Posi Lube Spindles are not to be confused with Bearing Buddies.


----------



## sealark (Sep 27, 2007)

All I have ever hadis bearing buddys and I make a trip to the keys every year (1800 Miles round trip) never had a bearing failure. I think the problem with the liquid filled ones will be the inner seal. I have never hadmy sealsseal without some leakage of grease. I just pumpmine up after about every other trip whilelocal launching and beforeI launch after a Key's trip and before launching when I return.


----------



## bombtosser (Oct 5, 2007)

i agree with lobsterman, they are way more trouble than they are worth.


----------



## lobsterman (Sep 30, 2007)

> *sealark (4/11/2010)*All I have ever hadis bearing buddys and I make a trip to the keys every year (1800 Miles round trip) never had a bearing failure. *I think the problem with the liquid filled ones will be the inner seal.* I have never hadmy sealsseal without some leakage of grease. I just pumpmine up after about every other trip whilelocal launching and beforeI launch after a Key's trip and before launching when I return.


You are absolutely correct, the spindle gets hot and the oil is thin and when you put it down into the water it sucks in water and if it is salt it is the kiss of death. Like I saidI have repaired the same one on my trailer 5 times and the other three at least once. If you want great trailer parts check with Hi Tech Marine in Panama City.

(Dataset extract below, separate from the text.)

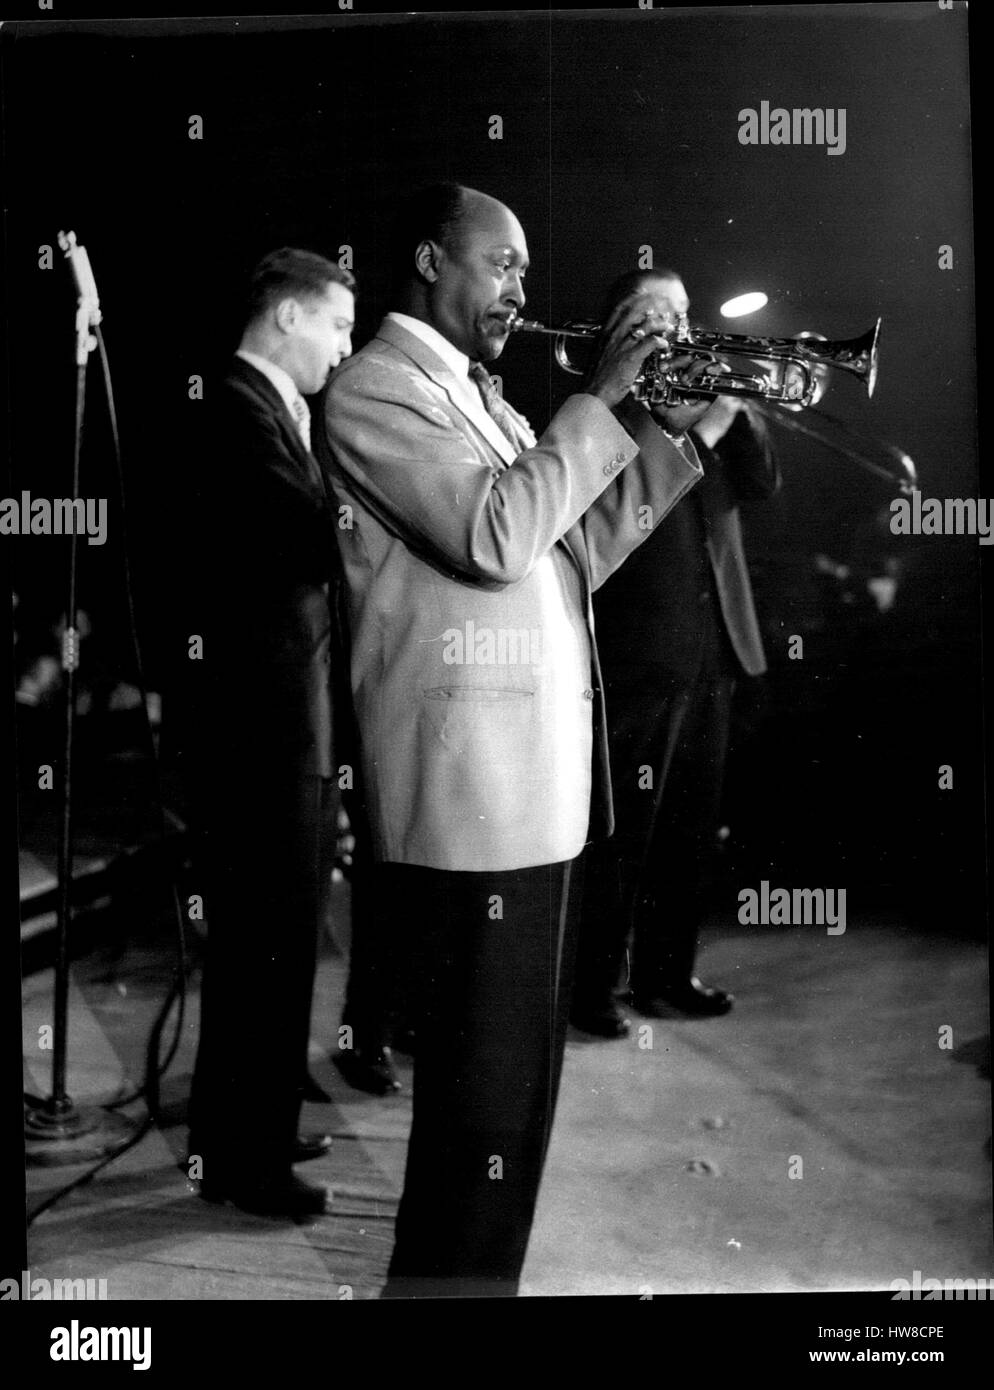 1968 - L'orchestre Rene France. NPM: Ala Trompette Bill Coleman. Credit: Keystone Pictures USA/ZUMAPRESS.com/Alamy - Stock Image

They were going to replace two spindles and two hubs for me for $ 200 bucks, I couldn't touch that for less anywherethat I checked.


----------



## X-Shark (Oct 3, 2007)

> All I have ever had is bearing buddys ......I have never had my seals seal without some leakage of grease. I just pump mine up after about every other trip while local launching and before I launch after a Key's trip and before launching when I return.






That is why they leak past the seals.



It's the hyd pressure and design of Bearing Buddies....Not to be confused with Posi-Lube or Sure -Lube [same thing] 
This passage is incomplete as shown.